Ustalenia policji z San Francisco dowodzą, że do ataku na miliardera doszło w dzielnicy Rincon Hill w centrum miasta około godziny 2:35 w nocy. New York Post donosi, że zaalarmowani funkcjonariusze udali się na miejsce zdarzenia, gdzie znaleźli mężczyznę z wieloma ranami kłutymi na ciele. Poszkodowanego przetransportowano do szpitala. Nie udało się go uratować, ponieważ obrażenia były zbyt rozległe. Okazało się, że ofiarą ataku jest były dyrektor ds. technologii w Square, twórca popularnej aplikacji Cash App, Bob Lee.

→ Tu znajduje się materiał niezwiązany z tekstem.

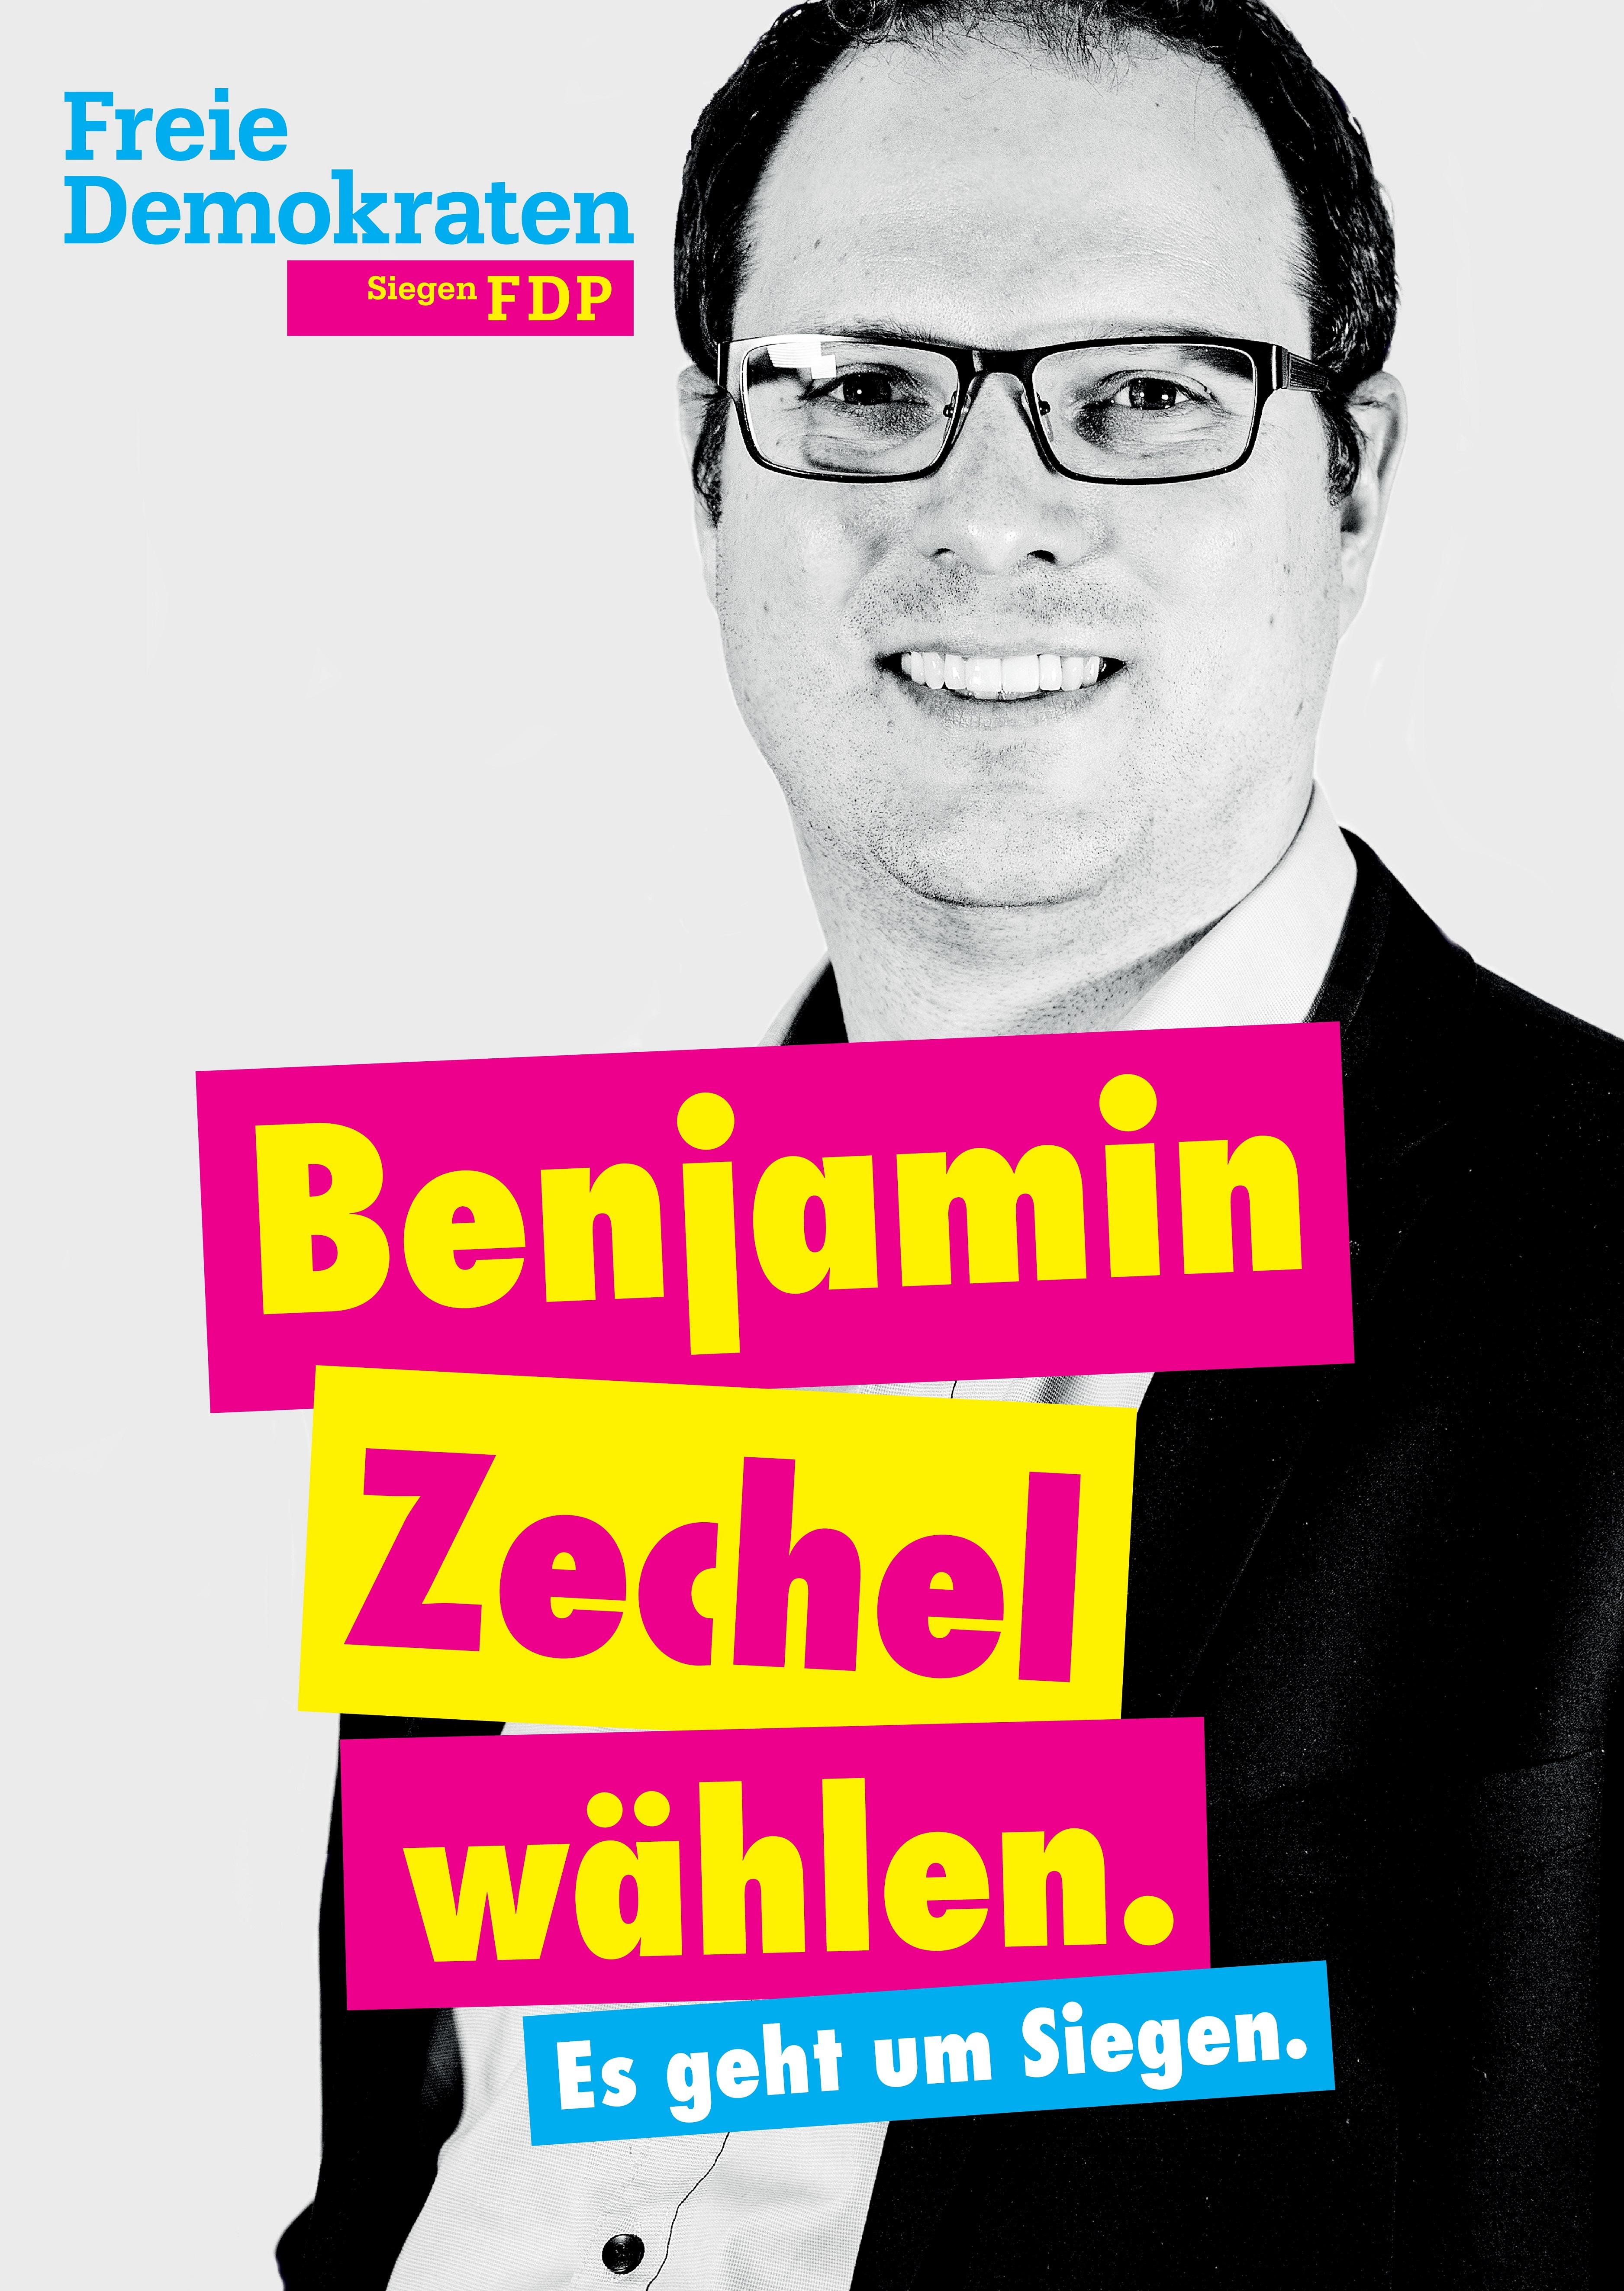 Benjamin Zechel
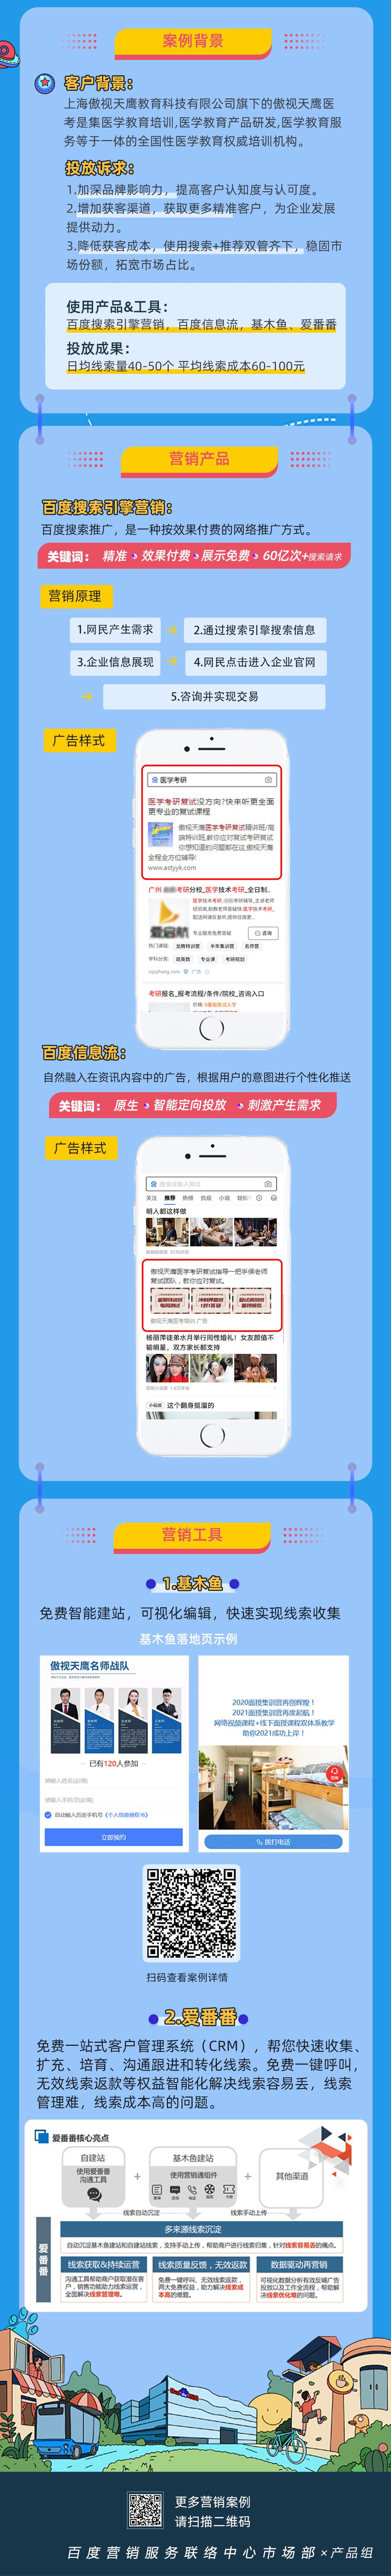 上海傲视天鹰教育-1.png

Okoliczności śmierci Boba Lee
Śmierć swojego przyjaciela skomentował na Twitterze Jake Shields. Z wpisu wynika, że Lee zginął zaatakowany podczas spaceru po bezpiecznej dzielnicy. Przyjaciel spekuluje, że prawdopodobne jest, iż był to przypadkowy, niezaplanowany wcześniej atak.
Na post Shieldsa odpowiedział Elon Musk. "Przykro to słyszeć. Wielu moich znajomych zostało napadniętych. Brutalne przestępstwa są w San Francisco przerażające. Nawet jeśli kogoś złapią, napastnicy są często uwalniani" - napisał dyrektor generalny SpaceX i właściciel Twittera.
New York Post cytuje także słowa dobrego znajomego ofiary. Rozmówca przekazał dziennikarzom, że Bob Lee zdecydował się zostać w podróży służbowej dzień dłużej i to wtedy doszło do napaści. "Wciąż jestem w szoku. Uważam, że nie zrobił nic, co mogłoby sprowokować złodzieja. Myślę, że w takiej sytuacji by się nie stawiał i oddał pieniądze" - powiedział.
Zabójstwo Boba Lee. Ustalenia śledczych i wyrazy współczucia
New York Post podaje, że policja nie ujawnia szczegółów na temat śledztwa i ewentualnych podejrzanych oraz informuje, że do tej pory nie dokonano żadnych aresztowań. Śmierć poruszyła wiele osób w środowisku technologii i kryptowalut. Dyrektor generalny MobileCoin, Joshua Goldbard nazwał zmarłego przedsiębiorcę "siłą natury, która pomogła w narodzinach Androida i Cash App".
O śmierci Boba Lee napisał też Bill Barhydt, dyrektor generalny przedsiębiorstwa technologicznego Abra Global. "Był tatą dwojga dzieci, hojnym i przyzwoitym człowiekiem, który nie zasłużył na śmierć" - podkreślił Barhydt.
Bob Lee był zaangażowany w wiele przełomowych technologicznych projektów. Inwestował w firmy takie jak Figma, Beeper czy Faire, współpracował z Google oraz ze Światową Organizacją Zdrowia, którą wspierał podczas prac nad aplikacją mobilną.